Unter Umständen Stützfilter (faserfrei, z.B. Membranfilter mit einem mittleren Porendurchmesser > 5 µm).

Aceton, Glycerintriacetat (Triacetin).

1.5 Zubehör

Objektmikrometer (Unterteilung in 2 µm oder 10 µm).

Testpräparat HSE/NPL Mark II.³

Pipette, Pinzette, Skalpell, mikroskopische Objektträger, Deckgläschen.

2 Probenahme

2.1 Vorbereiten der Messfilter

Membranfilter einer neuen Charge werden vor ihrer Verwendung für die Probenahme hinsichtlich ihrer Verunreinigung durch faserförmige Partikel überprüft. Dazu werden aus einer neuen Charge wenigstens 2 Filter entnommen, entsprechend Abschnitt 3 präpariert und nach Abschnitt 4 ausgewertet. Die dadurch festgestellte Untergrundverschmutzung soll nicht mehr als 2 faserförmige Partikel je ausgewertetem Filter betragen. Werden auf einem der Filter 3 faserförmige Partikel festgestellt, wird die Prozedur für ein weiteres leeres Filter wiederholt. Werden auf einem Filter 4 oder bei der Wiederholung 3 oder mehr faserförmige Partikel festgestellt, darf die Charge nicht verwendet werden.

Neben der Feststellung der Filterblindwerte sollte sichergestellt werden, dass die verwendeten Geräte und Betriebsmittel sauber sind und keinen Fremdeintrag faserförmiger Partikel verursachen. Chargen mit zu hoher Grundverschmutzung dürfen für die Probenahme nicht verwendet werden.

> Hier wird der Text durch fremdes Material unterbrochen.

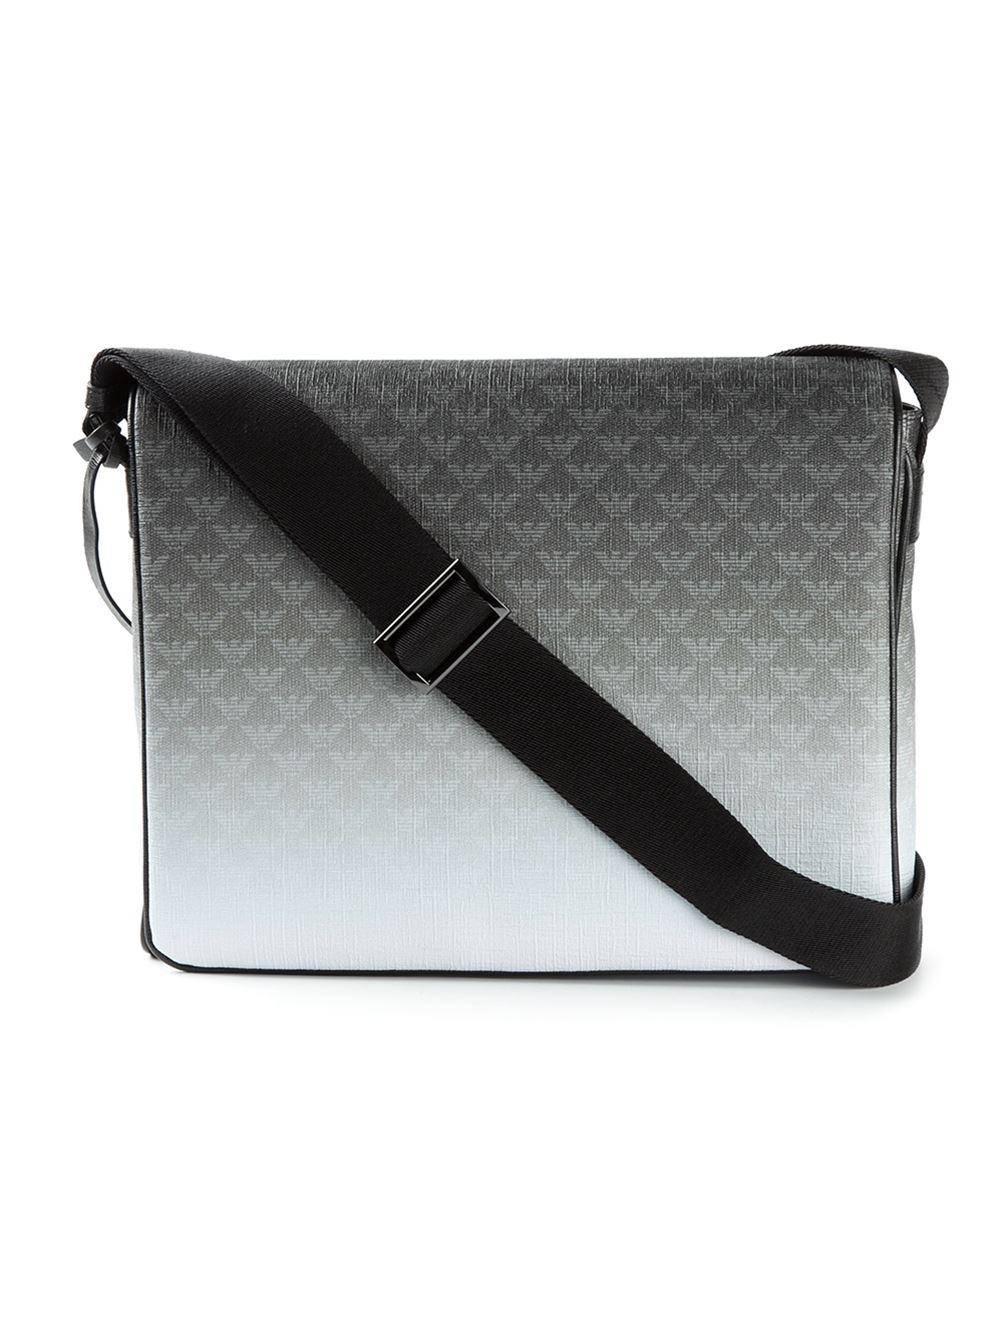 381911120d95 Emporio Armani Logo Print Messenger Bag in Gray for Men - Lyst

Das für die Probenahme vorbereitete Messfilter wird so in die Filterhalterung eingelegt, dass es beim Einlegen nicht beschädigt wird und ein dichter Sitz gewährleistet ist. Wird ein Stützfilter verwendet, muss der Messfilter plan aufliegen. Stützgitter dürfen nicht verwendet werden, da es ansonsten zu einer ungleichmäßigen Belegung der Filter kommt. Die Berührung der Filteroberflächen mit bloßen Fingern ist zu vermeiden. Die Filterkassetten werden bereits im Labor bestückt und verschlossen.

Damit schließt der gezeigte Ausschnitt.